Kita crisis: Employers, get involved! – Business

If the day care center closes earlier because a teacher has resigned or got sick, then many people have a problem. The already overburdened specialists in the facilities. The parents who continue to have to work minus hours to look after their children. The children who are torn out of their routines and feel the pressure their parents are under. But also employers. You cannot currently plan reliably with employees who are also parents of small children.

The day-care center crisis that Germany is currently going through, because there is a lack of staff and insufficient political commitment, is an economic and social catastrophe. Employers can’t do much about this situation. Nevertheless, they should do more than they have done to date to improve the situation. It’s time they used their lobby to get through to politics – in the interests of their employees, but also on their own behalf.

The Confederation of German Employers’ Associations (BDA) rightly demands that the federal, state and local governments need “a joint strategy with specific measures to recruit, secure and provide additional qualifications for early childhood education professionals”. When it comes to the situation in the daycare centers, the federal, state and local governments blame each other. The core of the crisis lies in this undignified tugging.

Even companies can’t conjure up pedagogues – or maybe they can?

And yet employers could be more involved in the solution. Ten or 15 years ago they founded new company kindergartens one after the other. If the state itself does not manage to look after the youngest reliably and in a way that is appropriate for children, companies should help themselves more often. They need skilled workers more than ever – and these skilled workers in turn need and want to know that their children are reliably cared for. Even employers cannot conjure up pedagogical specialists. But they are more familiar with personnel marketing and possible incentives for educators than many municipalities that have overslept the topic for years. As has already happened in the past, smaller companies could join forces and jointly create childcare options.

Unfortunately, one gets the impression that many employers are increasingly declaring childcare to be a private matter instead of a management issue. There is no question that in many places empathetic entrepreneurs and executives give stressed parents the postponement of projects and do not count every hour not worked. But at the same time it is irritating how many companies have been happily referring to their oh so generous opportunities to work from home since the pandemic: If they use the terms “home office” and “compatibility” in the same sentence, they suppress the fact that no one can can think clearly while a small child next to it tries out the PC keyboard for itself. During the Corona crisis, politics left the parents to themselves. Employers have at least a share of the responsibility that this tragedy does not continue.

Of course they are not the only ones responsible.
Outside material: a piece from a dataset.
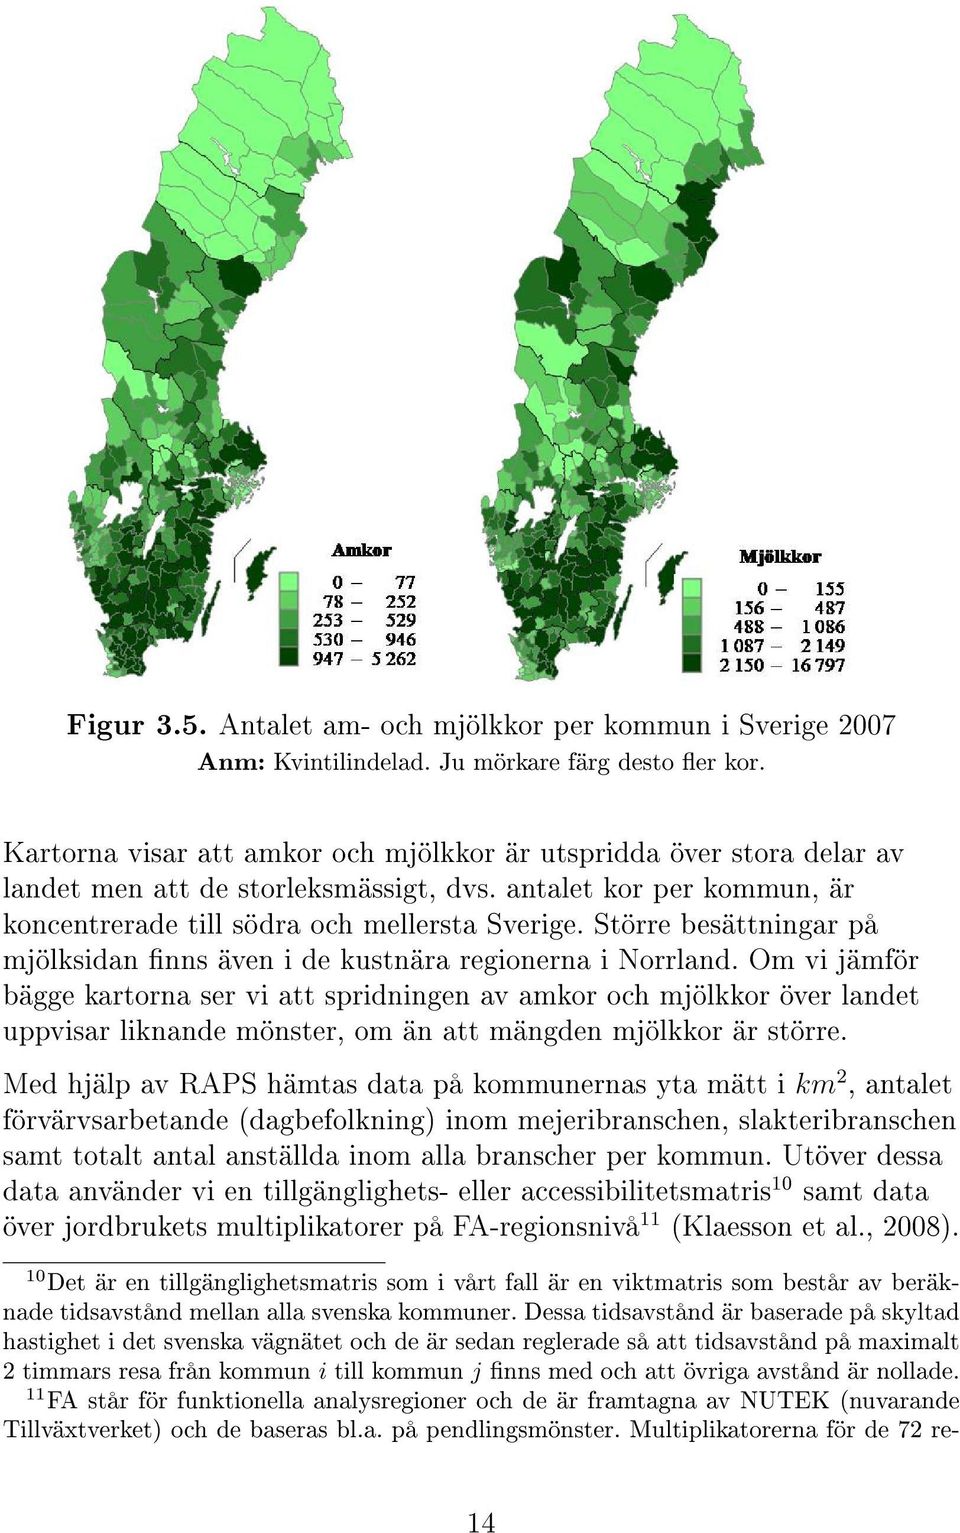 Större besättningar på mjölksidan nns även i de kustnära regionerna i Norrland.

Many mothers and fathers are already involved with admirable perseverance in parents’ councils and point out the grievances in social networks. The problem: Their increasingly desperate calls for relief have so far failed to reach politicians because their influence is limited. The situation is different for employers: their lobbyists are listened to. It is therefore high time that employer representatives sat down with parents’ councils, discussed the biggest problems and brought the resulting demands loud and clear to politicians. In times of a shortage of skilled workers, hardly any company can afford that the mothers and fathers in the workforce are constantly absent at short notice or, in the worst case, become ill from being overworked.

You don’t have to be responsible for a grievance in order to help solve it. Many people would thank employers if they used their power: the educators, the parents among the employees, the children. And the employers would also do something good for themselves.